How CbC reporting is presented in France

Country-by-country reporting (CbC) is a financial report that multinational corporations must submit in many countries as part of a global initiative to combat tax evasion and tax avoidance. In France, the CbC reporting requirement was introduced through the Finance Act 2016 and is applicable to multinational companies with consolidated group revenue of more than €750 million (approximately $869 million).

Under the French law, these companies must file a CbC report that includes information about their revenues, profits, taxes paid, and assets in each country where they operate. The report must be filed with the French tax authority, the Direction Générale des Finances Publiques (DGFiP), and must be submitted within 12 months from the end of the reporting year.

The CbC report must provide detailed information about the company’s operations in each country where it operates, including the number of employees, revenues generated, pre-tax profits, taxes paid, and assets. The report must also identify the company’s subsidiaries and branches in each country, and provide details about its ownership and control structure.

The report must be prepared in accordance with the guidelines issued by the Organisation for Economic Cooperation and Development (OECD).
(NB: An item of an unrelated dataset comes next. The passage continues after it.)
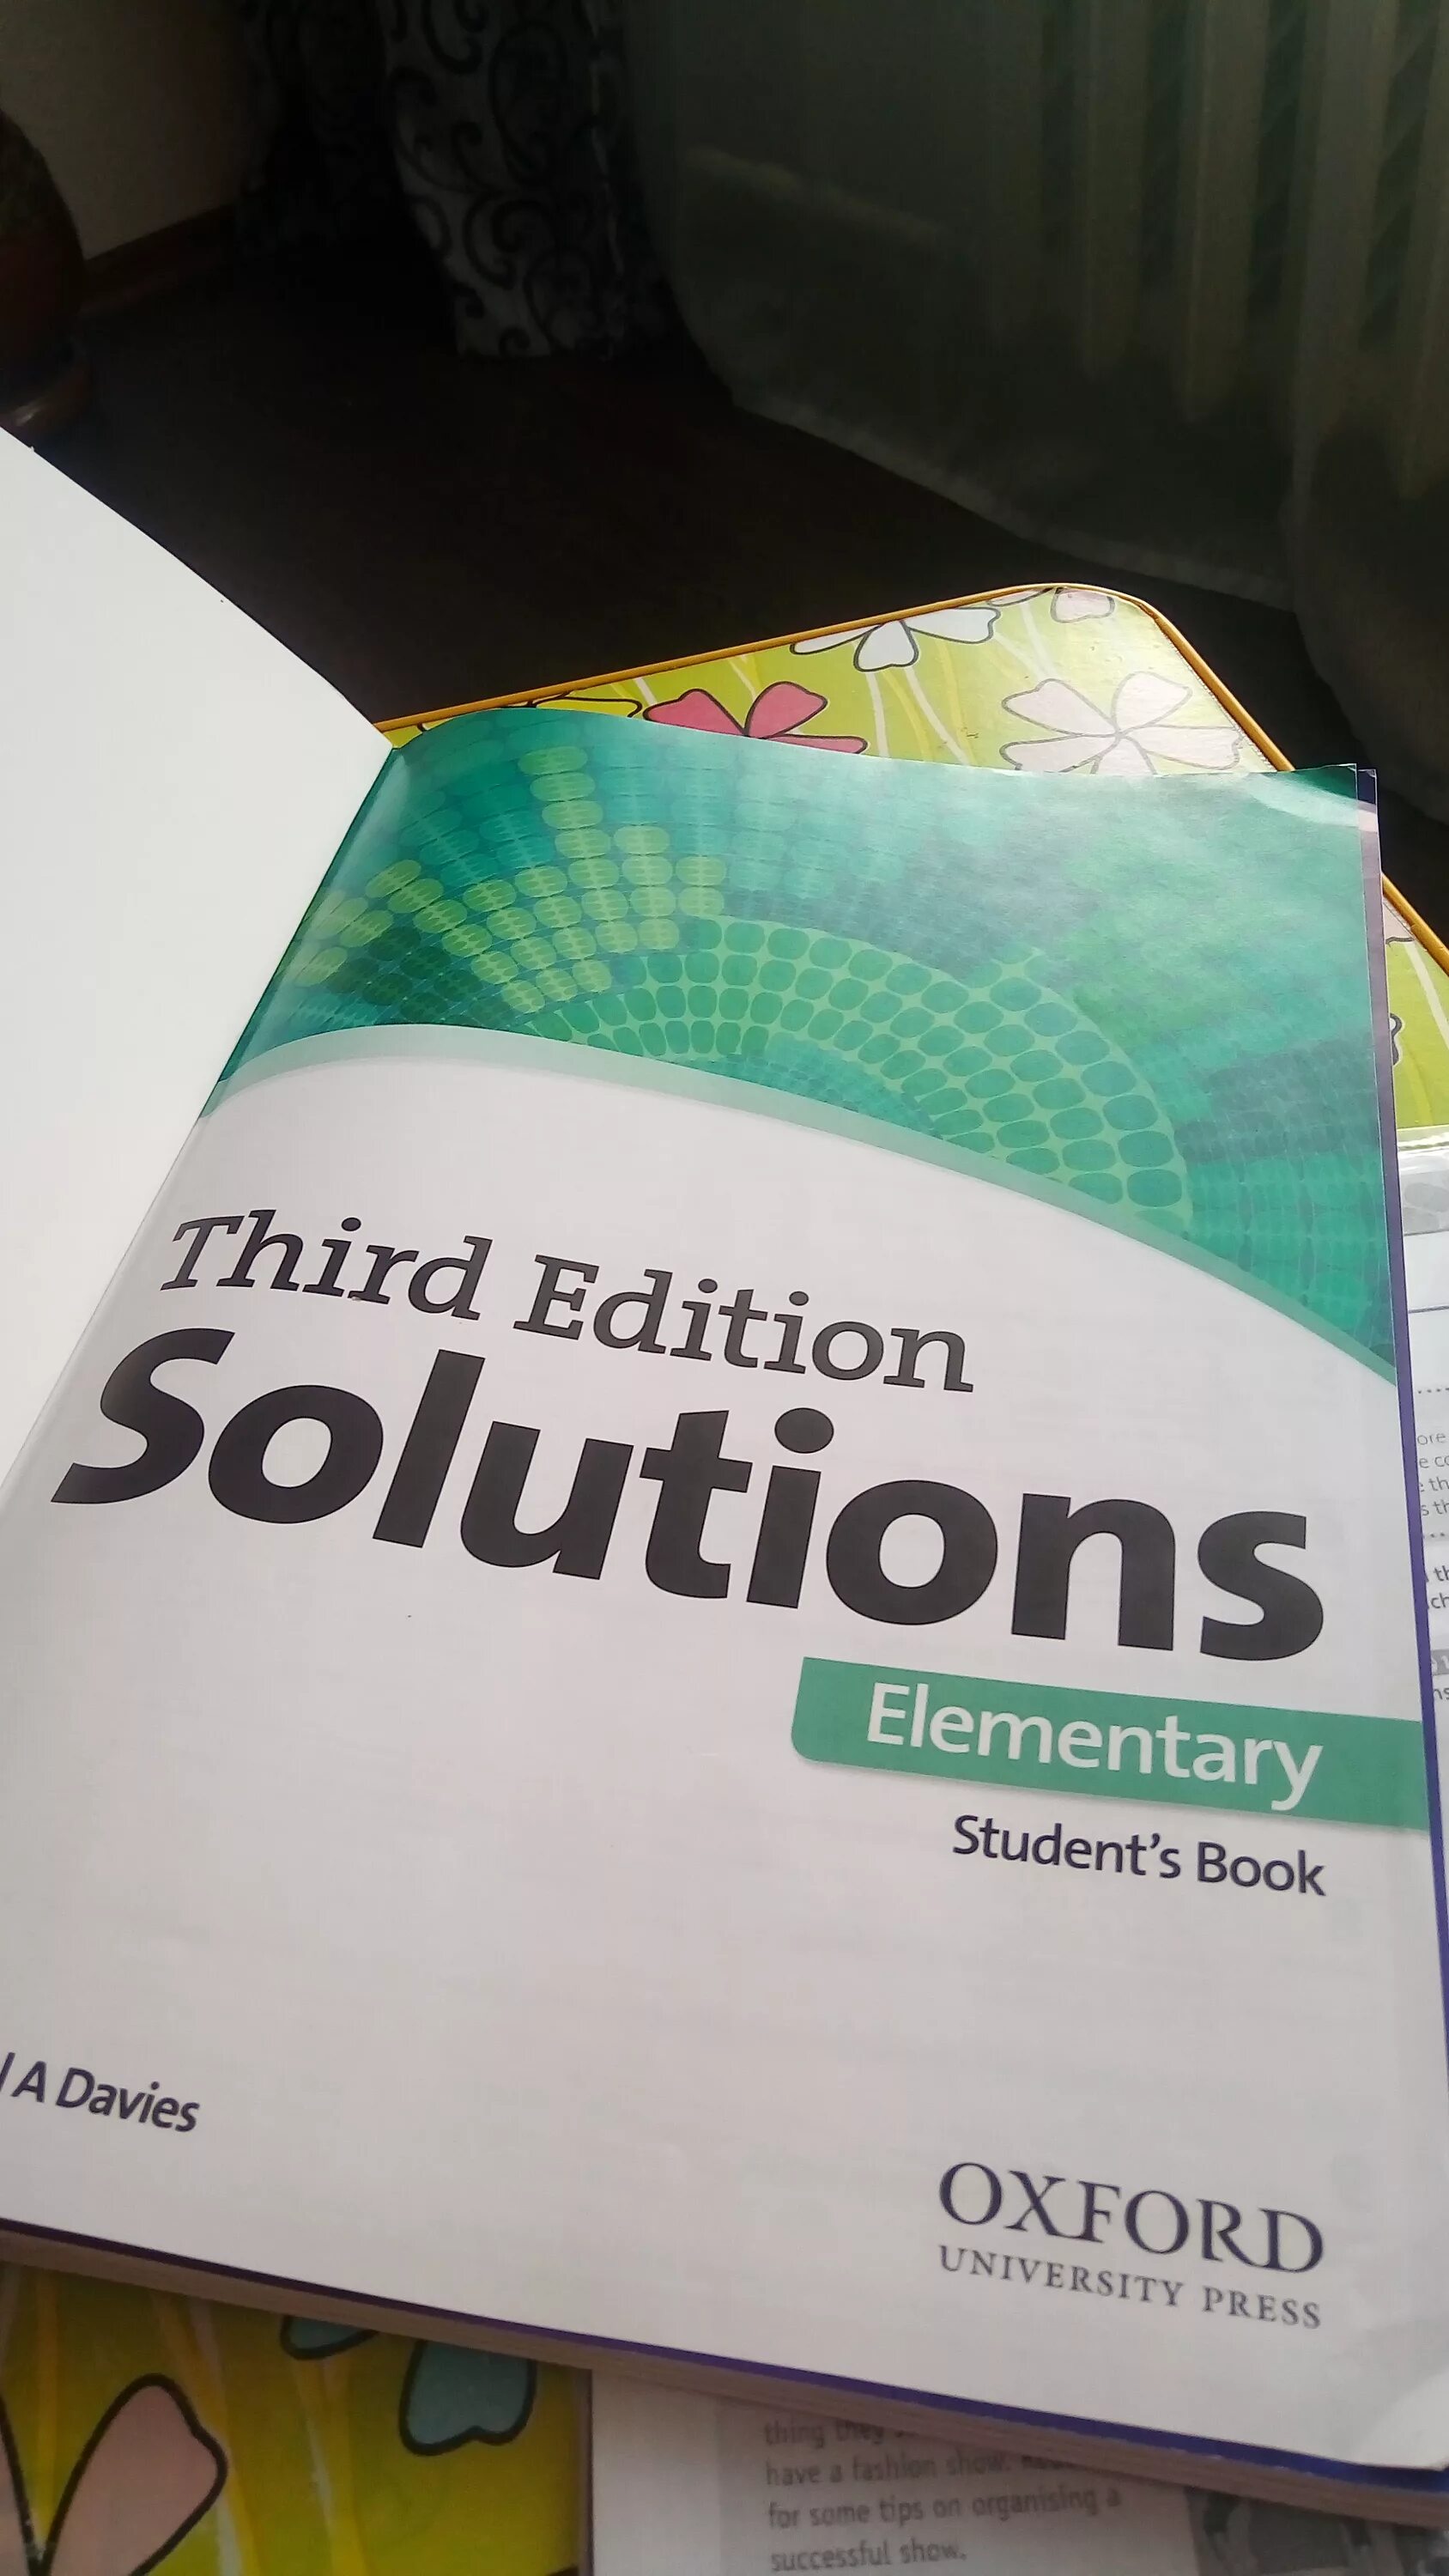 Solution elementary teachers book. Solutions учебник. Учебник solutions Elementary. Учебник Солюшенс по английскому. Солюшнс элементари 3 издание.

The French government has also issued rules and forms to be used for filing the CbC report, which require the disclosure of certain additional information, such as the details of the entities in the group responsible for the management and control of intellectual property.

Multinational corporations must also provide information about any “aggressive tax planning” structures they have used to minimize their tax liability. This includes any transactions between subsidiaries or branches that may have the aim of reducing taxes.

The CbC report is used by tax authorities in France to assess the risk of tax evasion or tax avoidance by multinational corporations. By providing detailed information about the company’s operations in each country, it is expected to make it easier for tax authorities to identify any inappropriate or suspicious activity.

In conclusion, the submission of the country-by-country report is an important requirement for multinational corporations in France seeking to comply with national and international tax laws. Filing this report helps improve tax transparency and prevent tax evasion, contributing to tax equity and a fairer tax system in the country.